How can research contribute at this level?

Research can be conducted with the design work to get user feedback on the actual design proposal. At this stage there are lots of details missing, but it is also early enough to make major changes if needed.

SPECIFICATION LEVEL

At the Specification level, the designer needs to take the vision that has been agreed in High-Level Design and turn it into a set of specifications that explain the detail of how each piece should work. The specifications should aim to be complete and fully detailed. However, this should not be at the cost of making them too heavy and complex – specifications are only valuable if they are actually used. For this reason, it makes sense to create multiple separate specifications for different pieces and aspects of the project, because this makes them easier to produce, easier to share, easier to read and easier to update.
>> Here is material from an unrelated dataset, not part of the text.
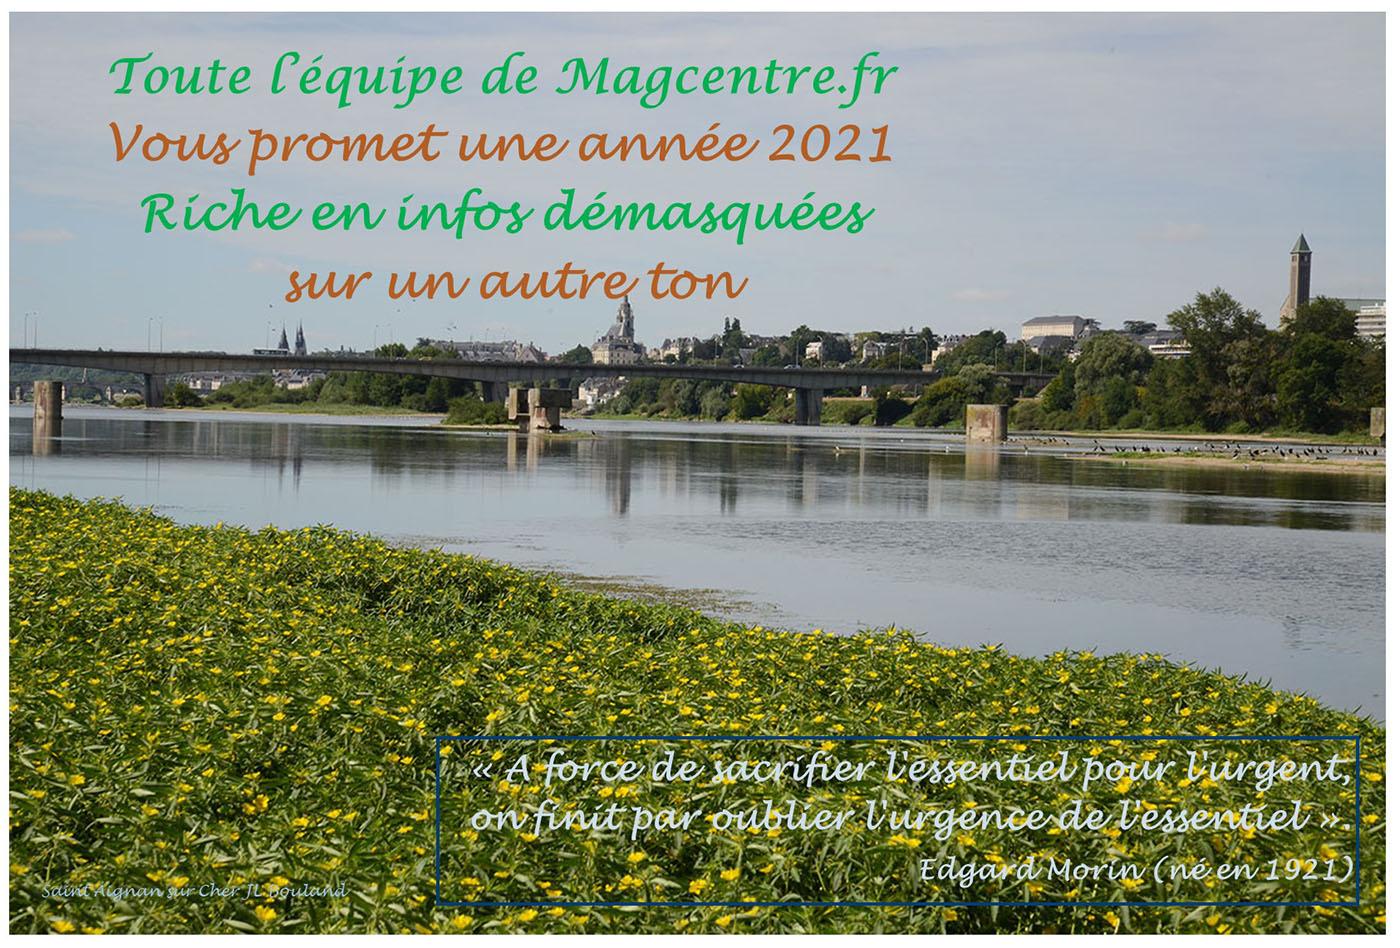 MagCentre

Note that once development begins, the product itself will rapidly become the specification – it is far more detailed and complete than any document can be. Therefore, all specification documents need to be seen as disposable.

At this point visual design needs to work through all of the details too, including resolving transient aspects like selection states, rollovers and how elements respond to changes in window size or screen resolution. The first round of assets should also be produced, e.g. icons and cut outs. Designers may also provide CSS values or code snippets to help developers to implement the design correctly.

At the specification level, prioritisation and the staging of features needs to be considered. Specifications are needed for the first iteration of the highest priority features of the product, so these should be done first. However, where possible, they should include an indication of how the feature will be extended in the future.

AGILE DELIVERY

Once development begins, designers must work to offer close support through agile development sprints. Types of activities at this level include:

  • Redesign work in response to problems with implementation, or as a result of new lessons learned.
  • Creation of additional assets.
  • Adding more information to specifications in response to development questions.
  • Testing builds of the product, raising bugs, talking to developers to understand problems and suggest solutions.

This is the level of crafting the interface to get the details right – especially the level of detail which cannot reasonably be captured in specifications. As stated above, the product should be seen as the ultimate specification, rather than any document. It is impractical to create a specification that is as detailed as the product itself and clearly impossible to keep such a specification up to date. Instead, it is better to begin building without waiting for all the details and to work through these during the build. This is the essence of Agile as a development methodology.

This also means that while it might be valuable to refer back to specifications that were produced in the previous phase, or to update them to reflect changes, it will be more effective in many circumstances to ignore them and specify new work in the form of changes to the current system, rather than as absolute specifications. Change specifications will be easier for developers to read and make use of as they are much shorter and formulate clearly what the developer needs to do, as opposed to the developer having to figure out how the current system differs from the specification (especially given that the specification is necessarily incomplete).

How can research contribute at this level?

Research can contribute during development by starting to user test the actual product as features become available and feeding back findings in the form of improvements. At this stage, this process can be seen as one of ‘sanding off’ the rough edges of the product.

Whilst testing is almost always valuable, it can be made much more effective if it is explicitly tied into the development cycle and time is set aside within sprints to make changes that are identified. Without this, there is a danger that improvements need to fight it out in the priority queue against upcoming functional work and will inevitably tend to lose out.